What lines of the data below hold the string "Stock"? Copy each one out.
======== Information supplied
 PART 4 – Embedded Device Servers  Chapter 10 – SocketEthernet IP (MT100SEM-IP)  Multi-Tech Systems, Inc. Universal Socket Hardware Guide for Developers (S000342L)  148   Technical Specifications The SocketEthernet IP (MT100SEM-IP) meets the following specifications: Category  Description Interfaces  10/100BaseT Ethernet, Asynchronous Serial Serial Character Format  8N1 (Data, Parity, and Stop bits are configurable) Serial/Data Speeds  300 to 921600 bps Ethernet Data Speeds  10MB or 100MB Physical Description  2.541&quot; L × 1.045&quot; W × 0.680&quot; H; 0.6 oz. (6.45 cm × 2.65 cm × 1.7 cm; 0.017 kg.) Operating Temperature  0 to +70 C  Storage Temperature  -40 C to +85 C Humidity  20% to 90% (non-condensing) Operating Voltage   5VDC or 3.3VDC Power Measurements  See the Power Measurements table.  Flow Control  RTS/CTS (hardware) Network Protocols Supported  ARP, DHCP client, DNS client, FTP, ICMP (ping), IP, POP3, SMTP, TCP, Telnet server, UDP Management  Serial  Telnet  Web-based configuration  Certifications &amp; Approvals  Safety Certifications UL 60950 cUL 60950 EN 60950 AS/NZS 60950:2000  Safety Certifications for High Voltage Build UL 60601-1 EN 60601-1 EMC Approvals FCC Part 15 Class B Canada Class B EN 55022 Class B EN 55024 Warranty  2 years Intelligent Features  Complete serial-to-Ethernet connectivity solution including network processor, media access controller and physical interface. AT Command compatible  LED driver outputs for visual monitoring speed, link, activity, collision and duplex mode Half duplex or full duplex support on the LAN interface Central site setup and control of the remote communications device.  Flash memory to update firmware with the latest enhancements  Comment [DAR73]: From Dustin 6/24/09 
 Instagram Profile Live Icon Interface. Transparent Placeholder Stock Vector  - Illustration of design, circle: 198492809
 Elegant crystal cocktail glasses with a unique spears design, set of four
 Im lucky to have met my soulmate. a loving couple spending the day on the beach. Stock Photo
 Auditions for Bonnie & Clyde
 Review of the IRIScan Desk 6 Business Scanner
================
Exercise answer =>
 Instagram Profile Live Icon Interface. Transparent Placeholder Stock Vector  - Illustration of design, circle: 198492809
 Im lucky to have met my soulmate. a loving couple spending the day on the beach. Stock Photo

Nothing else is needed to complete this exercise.